In the last two issues of "Pizza News" we chronicled our search for my grandfather Antonio Palmieri. He was born in Brazil of Italian immigrant parents. His parents returned to Italy when he was 17. He soon left Italy with the idea of going to America, to earn his fortune and then return to Brazil.  

According to him, he moved to Providence, Rhode Island, met a girl, got married and thoughts of returning to Brazil faded away. 

We began our search at the Ellis Island site. After countless dead ends, we found no record of his coming to America

My mom suggested we try to locate her mother: Leontina Fratantuono. Grandma Palmieri (as she was known to me,) had always said she was born in Italy but came over when she was one year old.

We started our search by typing in the name of my mom's grandfather, 
Leopoldo Fratantuono.
 

We immediately found only one immigrant with that name! He was born in Fossalto, Italy. He was 41 years old and he arrived July 09, 1899, on the Tartar Prince, a ship from Naples, Italy. As soon as we read the ship's manifest, we knew we had found my great-grandfather! The real story began to unravel as we continued to examine this document.

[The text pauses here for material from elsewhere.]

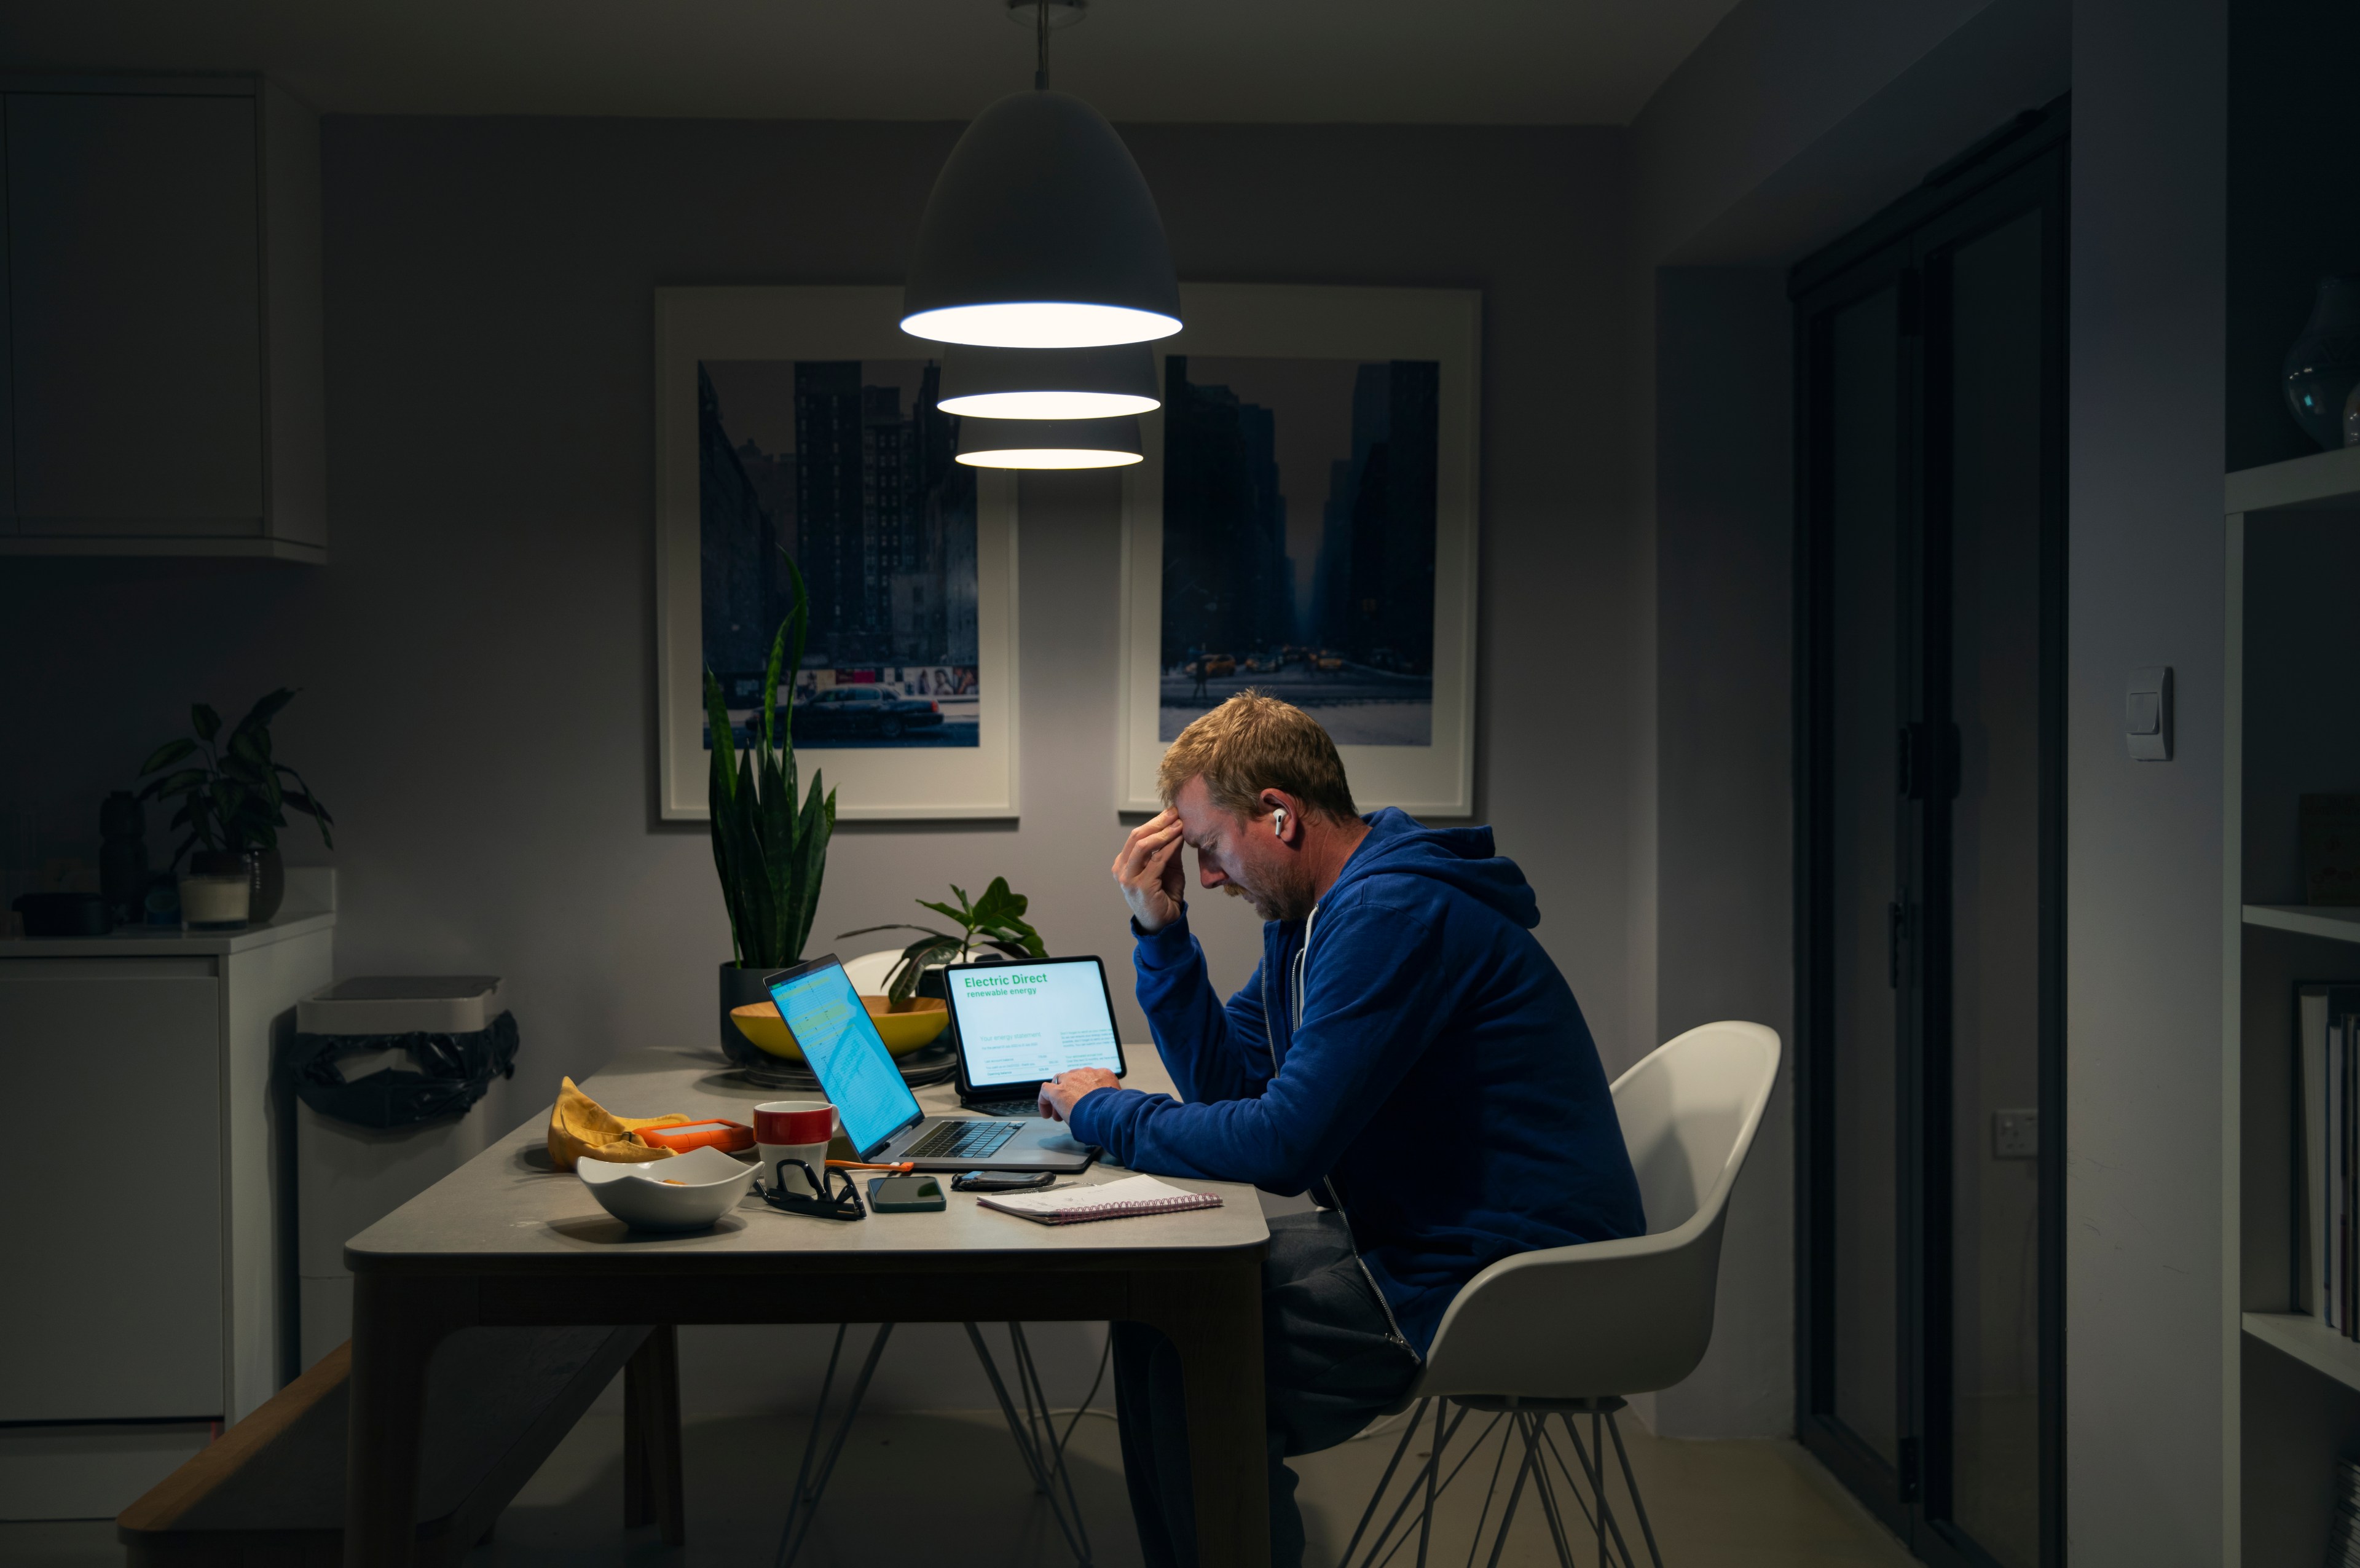 A person stressed at a home workspace at night, with a laptop, papers, and a lit lamp overhead.

Leopoldo had come to America through Ellis Island with his wife, Filomena, (41), and his four children Pietro, (14), Amalia, (11), Luigi, (4), and Leontina (10 months). None of them (according to the record) were able to read or write. Unknown to anyone in our family, this was Leopoldo's second trip to America. The ship's manifest stated he had lived in Providence, Rhode Island from 1892 to 1894. He probably came to America the first time to make enough money to go back to Italy and return with his family. According to the manifest, the family had a total of $90 to start their new life in America. The original sum of $20 had been crossed out. I like to think that Leopoldo had the $20 in his pocket, and Filomena had stuffed the additional $70 in baby Leontina's diapers!

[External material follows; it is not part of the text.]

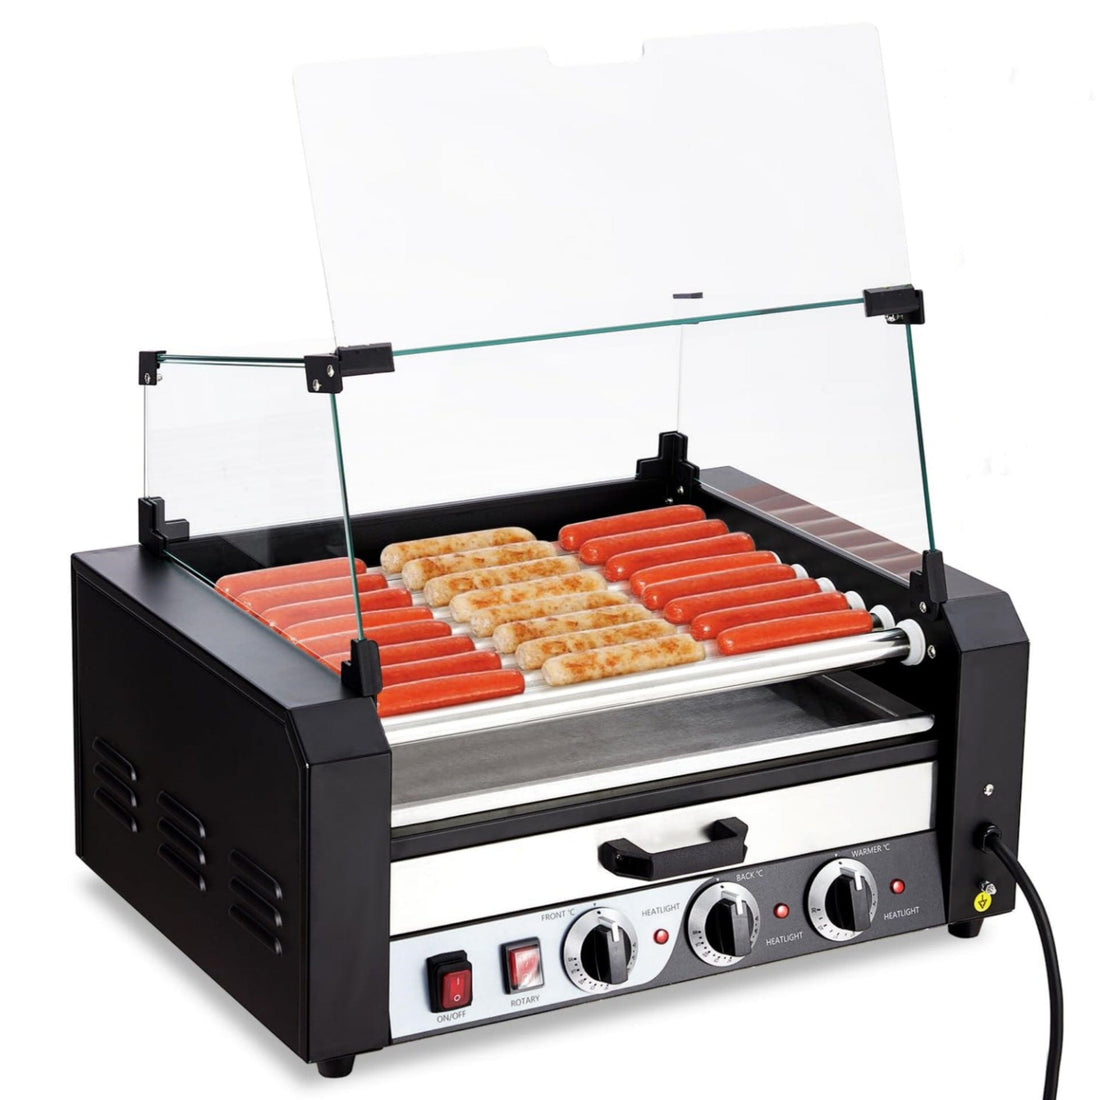 1650W Hot Dog Roller 9 Rollers, 24 Capacity with Dual Temp

Leopoldo and Filomena listed their occupation as laborers. Their final destination was Providence, Rhode Island. The manifest states they all had tickets to their final destination. I speculate they knew someone from their village, who had settled in the Providence area. 

As a matter of fact, above Leopoldo's name is one Fillipo Sanboro, age 16, also from the village of Fossalto. He listed his occupation as a sailor and he was able to read and write. He was going to Providence to be with his father. He had $10. Perhaps, Leopoldo was looking after young Fillipo.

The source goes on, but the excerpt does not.